There is a very close relationship with all Ryanair’s heavy maintenance bases in Prestwick, Scotland; Wroclaw, Poland; Seville, Spain; and Kaunas. That is achieved while having a group heavy maintenance policy. During the Safety Action Group meetings, the best maintenance practices and any quality issues are highlighted and discussed amongst the bases.

Kaunas Aircraft Maintenance ServicesDo you have enough capacity or would KAMS consider expanding?

Looking from KAMS’s perspective, we have enough capacity. However, looking at the growing demand for maintenance and the growth of Ryanair, we see a huge potential for the development. Our expansion is limited by the availability of a skilled labor force in the region and reasonable terms and conditions from Lithuanian airports.

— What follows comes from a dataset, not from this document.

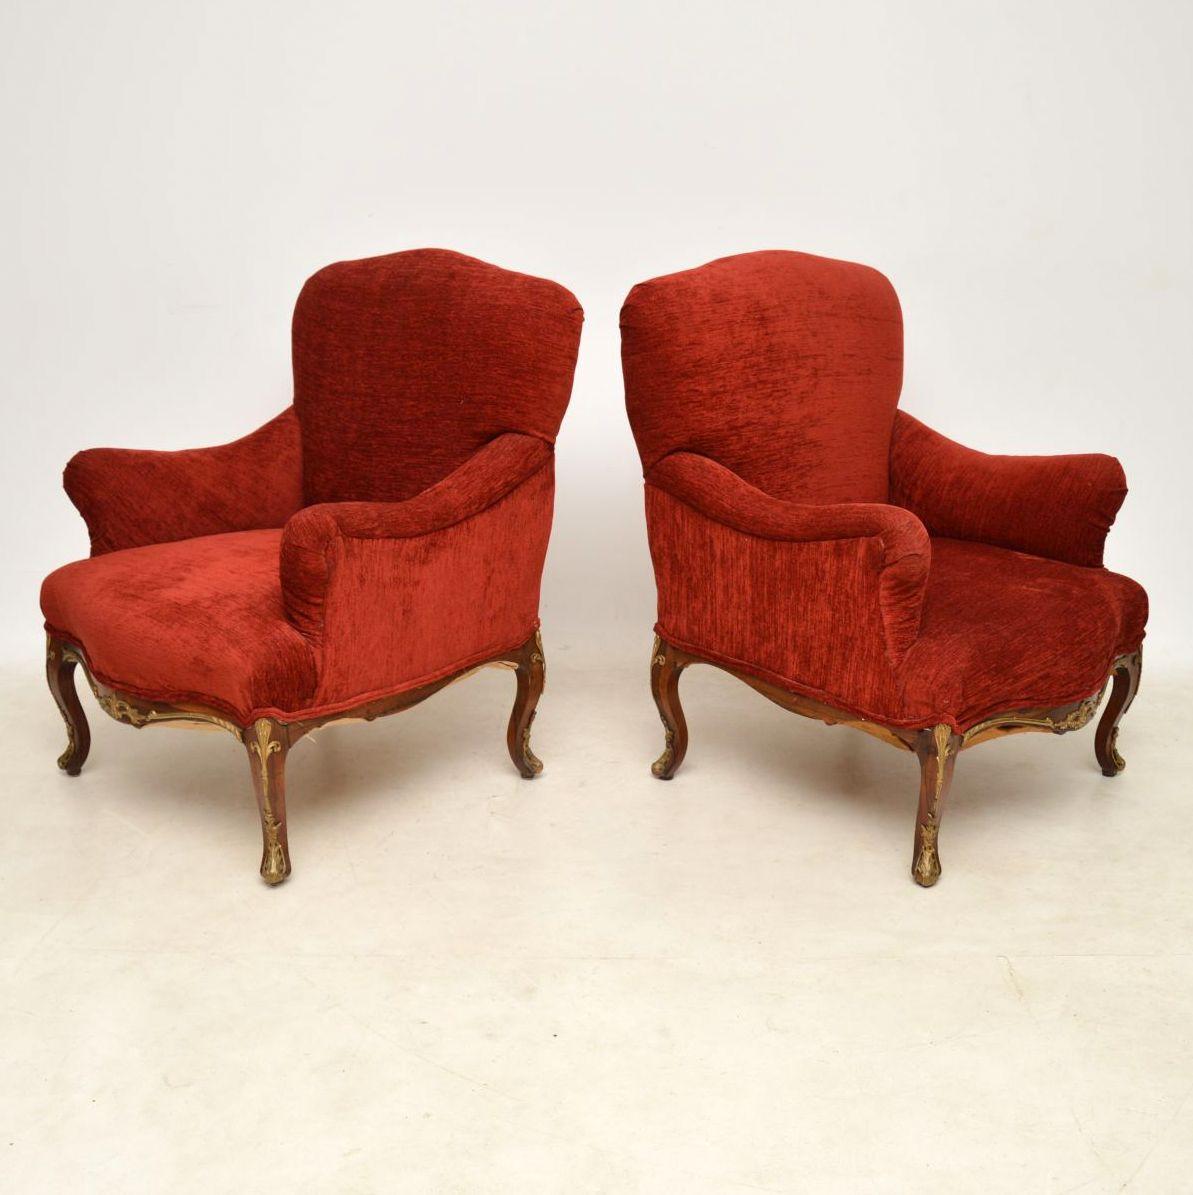 Fabulous pair of antique fully upholstered armchairs with rosewood legs that have applied gilt bronze mounts. They are wonderful quality and still have the original crisp horse hair beneath the fabric, which must have been redone quite recently

Given that FL Technics is also located at the airport, does that make it hard to find and retain mechanics?

We see a huge benefit of having experienced manpower and value them the best we can. Since our establishment in Lithuania, we worked closely with all the universities, colleges and professional schools, but that was not enough. We are cooperating with two universities to establish Part 147 maintenance schools, which long term would be our core skilled manpower provider. Establishing these university programs is vital for the industry’s growth in Baltics, Eastern Europe and Russia region.

Is Ryanair considering expanding inhouse maintenance capabilities beyond airframes given its scale?

We work closely with the customer and any requests from the airline are being assessed, and where possible implemented. KAMS has a variety of workshops: C4 (airstairs), C6 (boilers), C15 (oxygen), C20 (composites and sheet metal repairs). Due to the increased component turnaround times, we see a potential to expand this business for an airline in Kaunas.